The development of the craft-beer scene here by way of other cities' signature brews is now likely to fuel the next great phase for Kansas City lagerheads: an influx of hometown brews that are as representative of the City of Fountains as Boulevard, made by a cadre of home-brewers that have been exposed to the country's largest and most-respected craft breweries. Boulevard's McDonald believes that the market is ready for a slight correction that will favor local producers.
"There has been a shift among consumers to the idea of choosing local first, then regional," McDonald says. "Beer is heavy and perishable, which makes it less than ideal to ship long distances. People now have the option to enjoy a fresh, well-made product from a local brewery."
The shift is most likely happening in the space between hobbyists and big bottlers: at nanobreweries, which the Alcohol and Tobacco Tax and Trade Bureau defines as "very small" operations. There's no consensus on a more specific definition because the concept is still being defined. Some use the legal home-brewing limit of 200 gallons annually as a benchmark. Others aren't ready to compare themselves with even the early days of Boulevard.

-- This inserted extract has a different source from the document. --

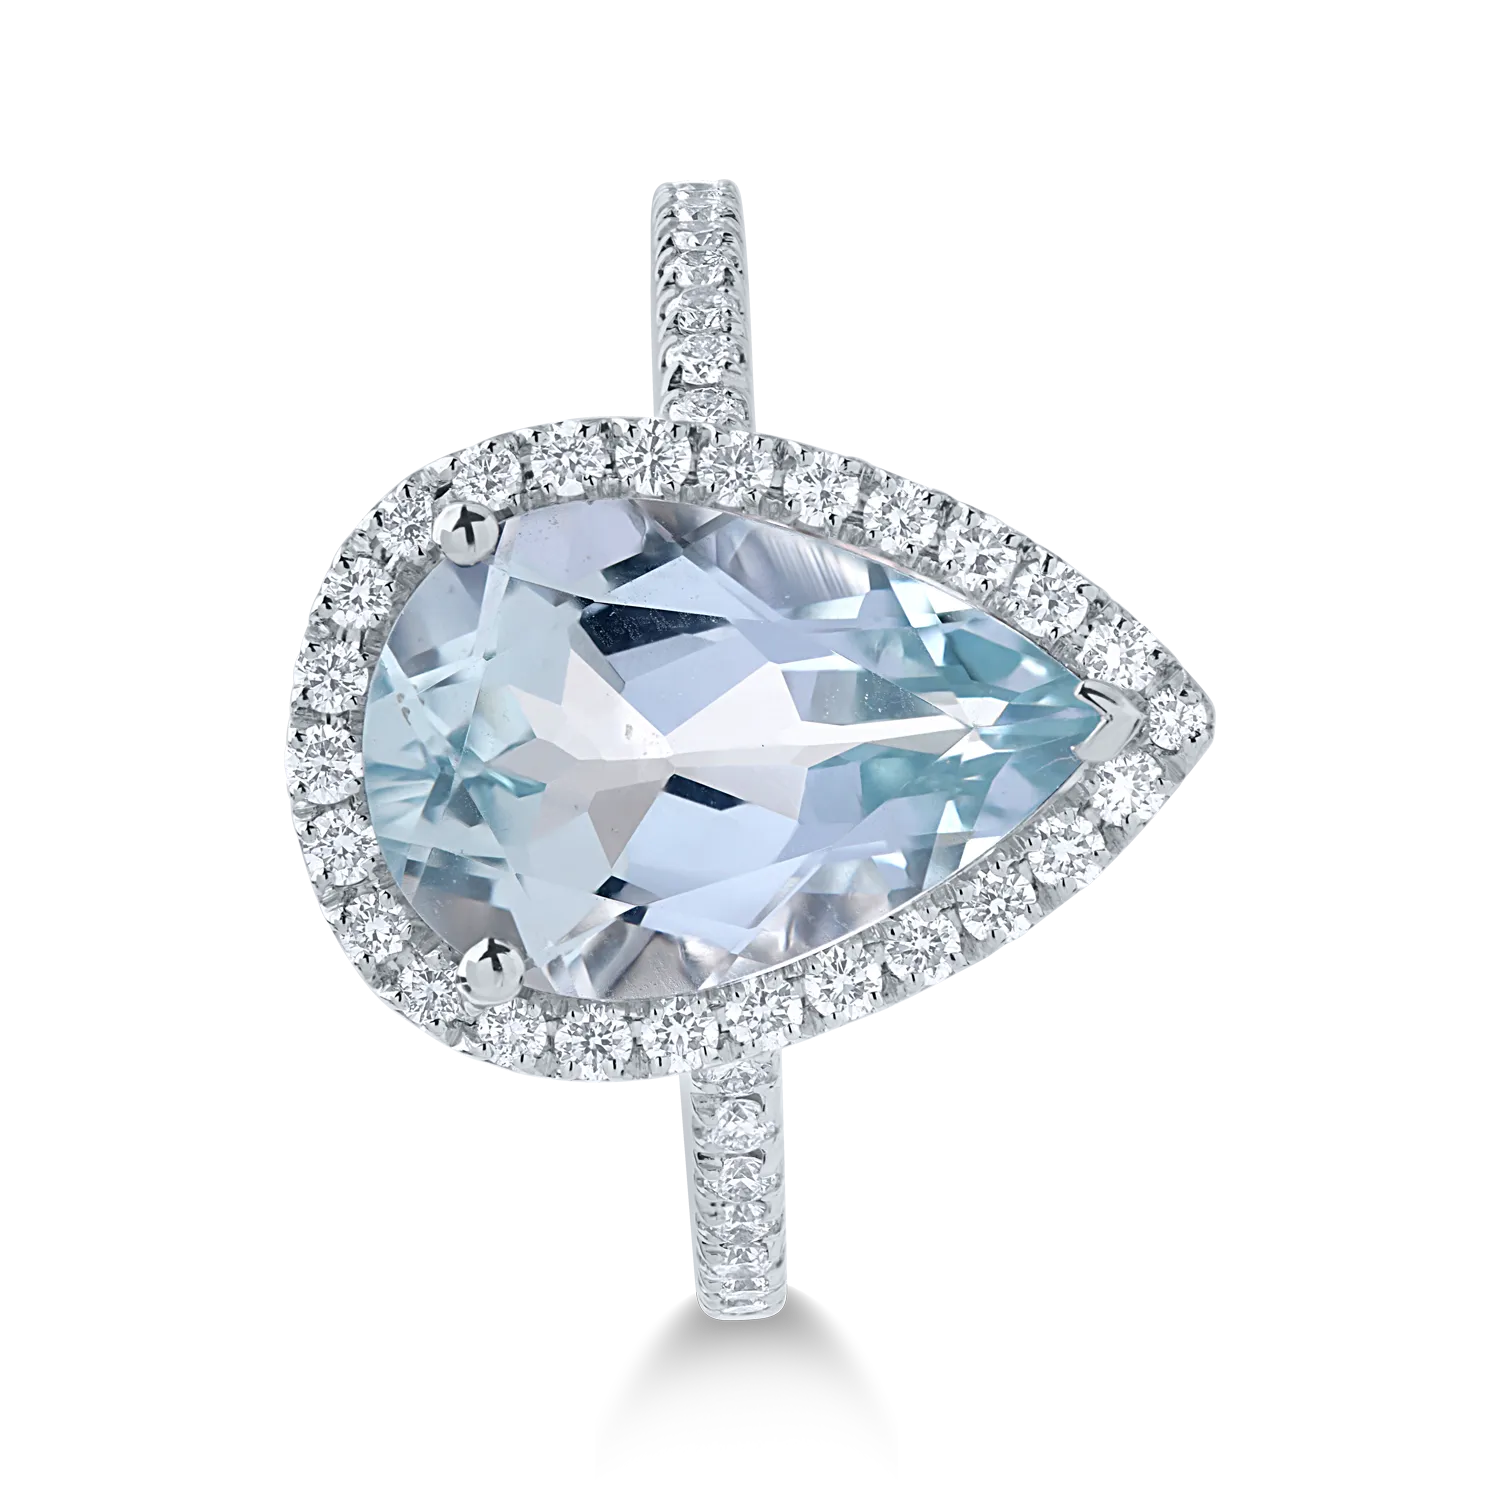 White gold ring with 3.4ct aquamarine and 0.4ct diamonds

"We took nano from ninth-grade biology because micro is just too big to describe what we do," says Micah Trotti, who co-founded Stuck Truck Brews with his Cerner co-worker, Chad Cummings. Trotti, 30, and Cummings, 31, are working on perfecting a hoppy pale ale. (They're also experimenting with a honey-vanilla porter, having found an oversized bottle of vanilla extract for $5 at Costco.)
The friends have spent the better part of a week constructing a wooden cabinet that's the approximate size and shape of a baby-grand piano. On its front sit 20 taps. A carbon-dioxide tank and some careful wiring inside the cabinet allowed Stuck Truck to showcase the work of 13 home-brewers at the second annual Brookside Nanobrew Festival this past Saturday.

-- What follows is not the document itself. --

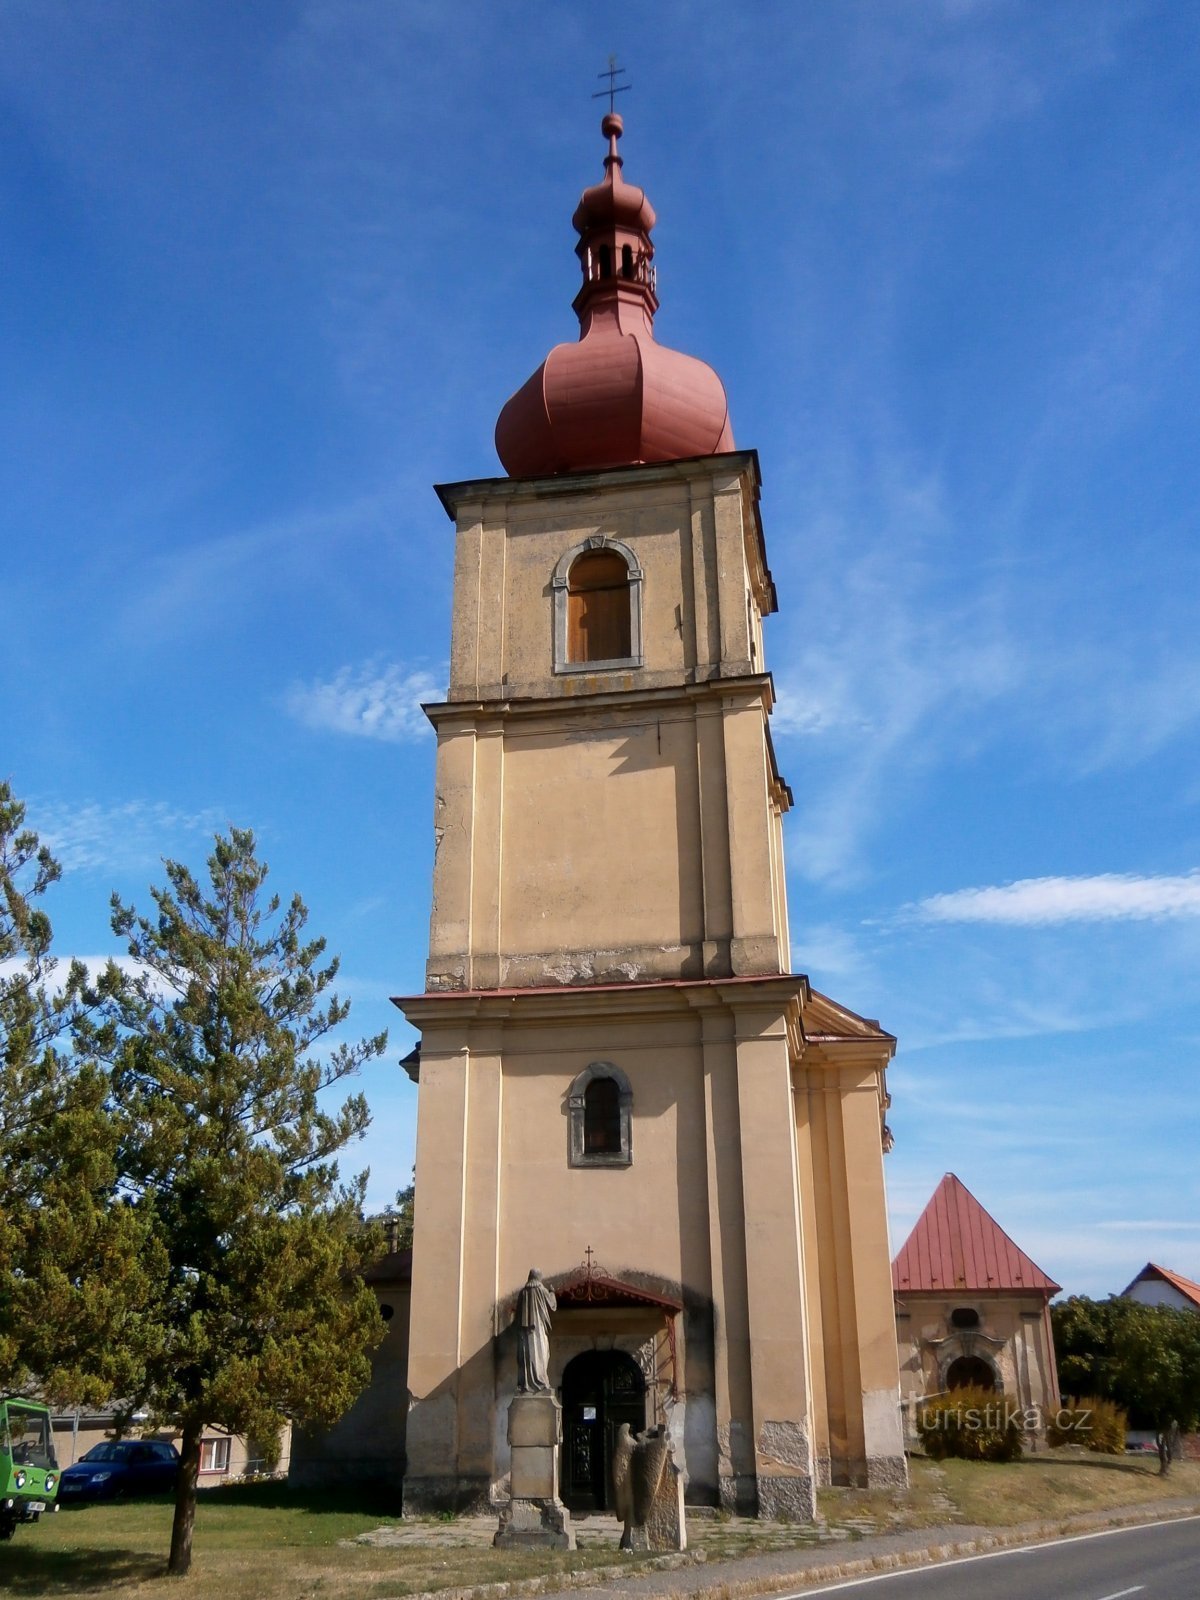 Church of St. Jiljí, abbot (Chvalkovice)

The same creativity drives Fountainhead Brewing Co.'s Michael Ojo — the name is a play on the city of fountains, not the Ayn Rand title — to make Pineapple Blond Ale, the latest in what he calls his Summer Infatuation Series.

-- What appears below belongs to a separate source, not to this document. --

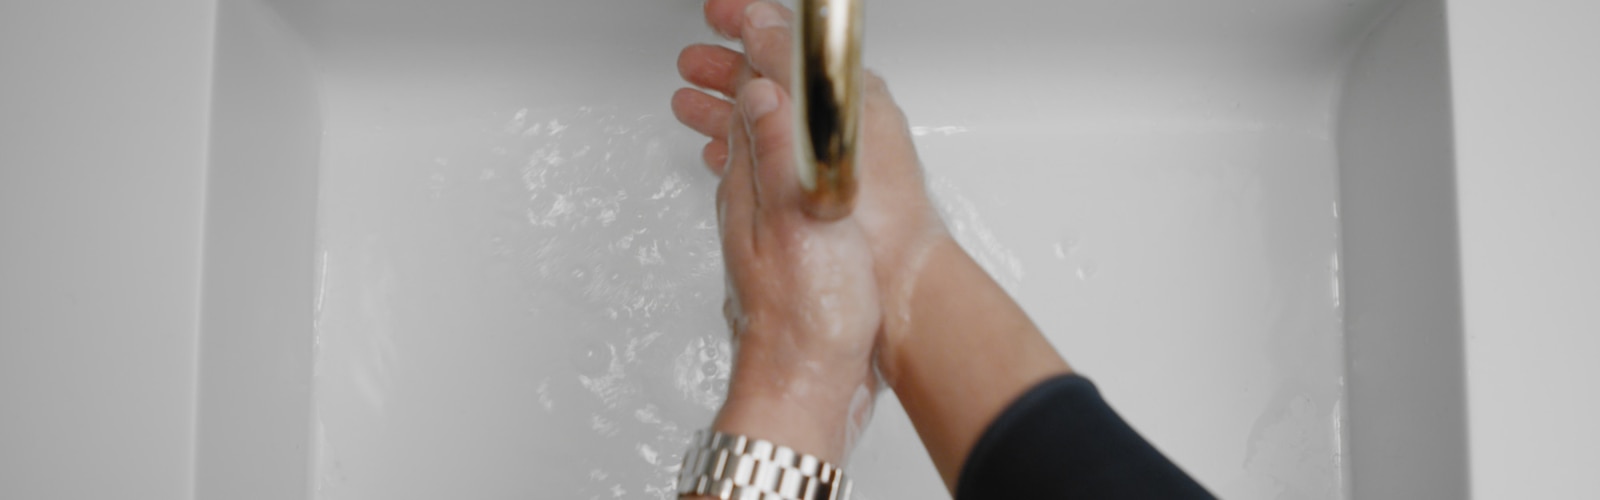 Två händer under rinnande vatten från en kran

The 27-year-old Ojo, who lives in downtown Overland Park and has been brewing since 2009, has a five-year plan to get his nanobrewery off the ground in either the Crossroads District or the River Market.
"It's tough to go to Germany to try a new beer," he says. "You can't just buy a plane ticket and go. But the good news here is that local places are making the effort to get great beers in front of their customers."
Ojo is confident that Kansas City will see an "explosion of nanobreweries and microbreweries in the next five years." He might be right, though Boulevard's Steven Pauwels has another thought as to what could be driving the beer movement in Kansas City.
"You know what has changed since I moved here in 1999?" Pauwels says. "I found really good bread and sausages and locally made cheese and chocolates. It's only natural that beer follows."